Recently, there has been a shift in Indian consumer preferences towards healthier food options that can aid in maintaining and improving health. This has resulted in a surge in demand for high-value crops, thus driving the need for micro-nutrients in the Indian agriculture industry, it said.

“India’s journey towards optimal health and well-being hinges on the pervasive integration of micro-nutrients into our diets, healthcare, and agriculture practices,” IZA South Asia Director Sourmitra Das said.

He was addressing a two-day global micro-nutrient summit organised by IZA in association with the Fertiliser Association of India (FAI) here in the national capital.

Highlighting the pressing challenge of micro-nutrient deficiencies affecting soil, crops and human well-being, Das said on a global scale, recognising the indispensability of micro-nutrients in agriculture is paramount for fostering a robust, healthy, and resilient population.

According to IZA, among micro-nutrients, 40 per cent of soils in India are estimated to be deficient in zinc, 23 per cent in boron and about 12 per cent in iron.

As per the recent report, the Indian agricultural micro-nutrients market is projected to grow from $ 571.6 million in 2022 to $ 1,057.6 million by 2029, it added.

Speaking on the occasion, FAI Director General Arvind Chaudhary said there is a need to create awareness around the usage of micro-nutrient-enriched fertilisers.

“They are the elemental keystones, unlocking the potential within every seed, and transforming barren fields into flourishing landscapes. Embracing these micro-nutrient-rich formulations isn’t just a choice, it’s an investment in the promise of sustainable agriculture, securing a nourished future for generations to come,” he said.

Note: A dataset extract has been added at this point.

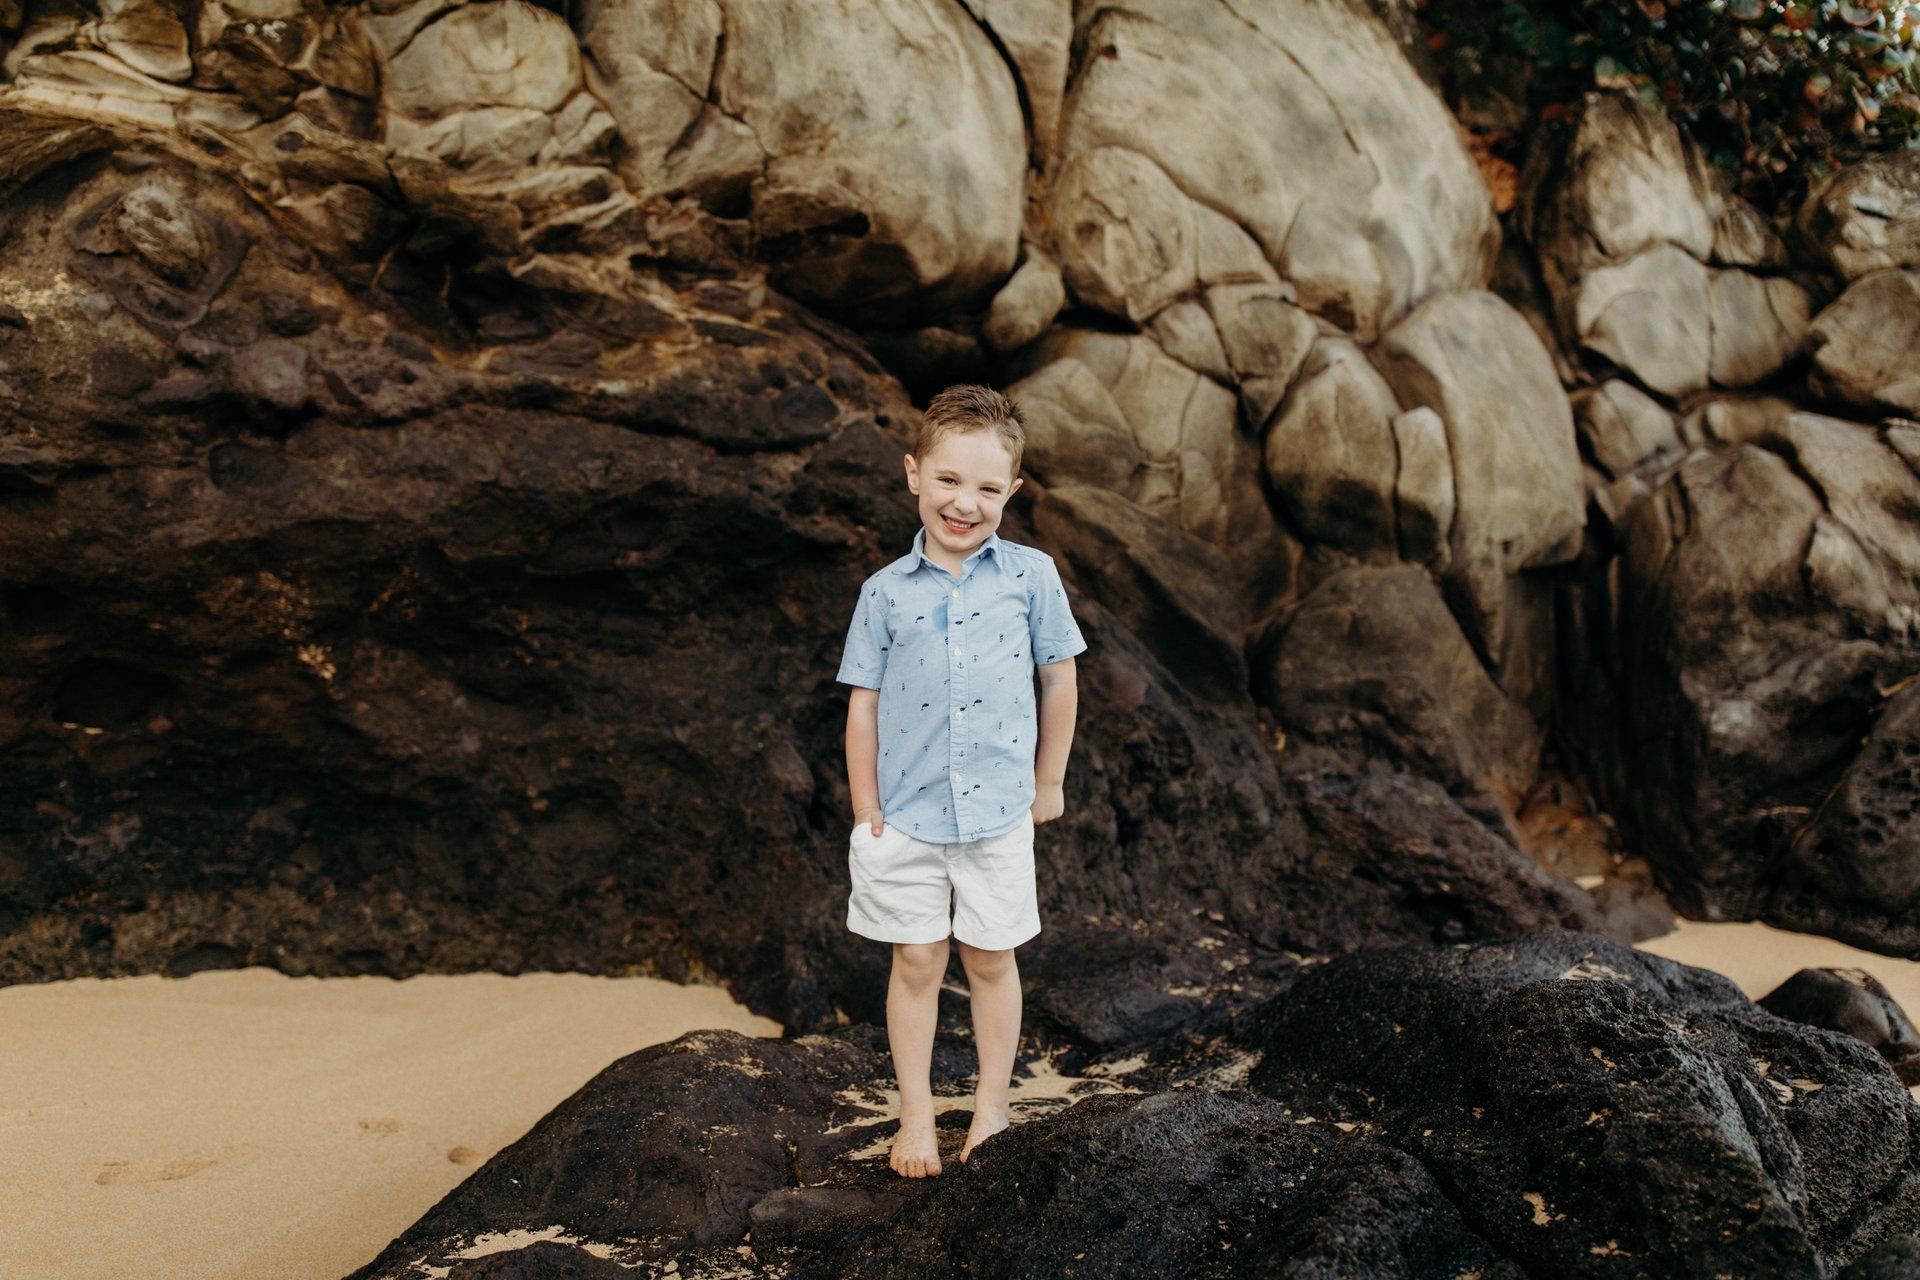 Maui-USA-travel-story-Flytographer-11

Furthermore, the growing awareness about the positive correlation between healthy crops and increased yield has further propelled the growth of the agricultural micro-nutrient market, he added.

The FAI DG also mentioned that the Indian government is taking steps to educate farmers on soil health by launching various agricultural schemes and offering subsidies to encourage the adoption of agricultural micro-nutrients.

Globally, the use of micro-nutrients is four kg against the use of 100 kg of fertilisers. However, in India, it is only 870 grams against the use of 100 kg of fertilisers, he added.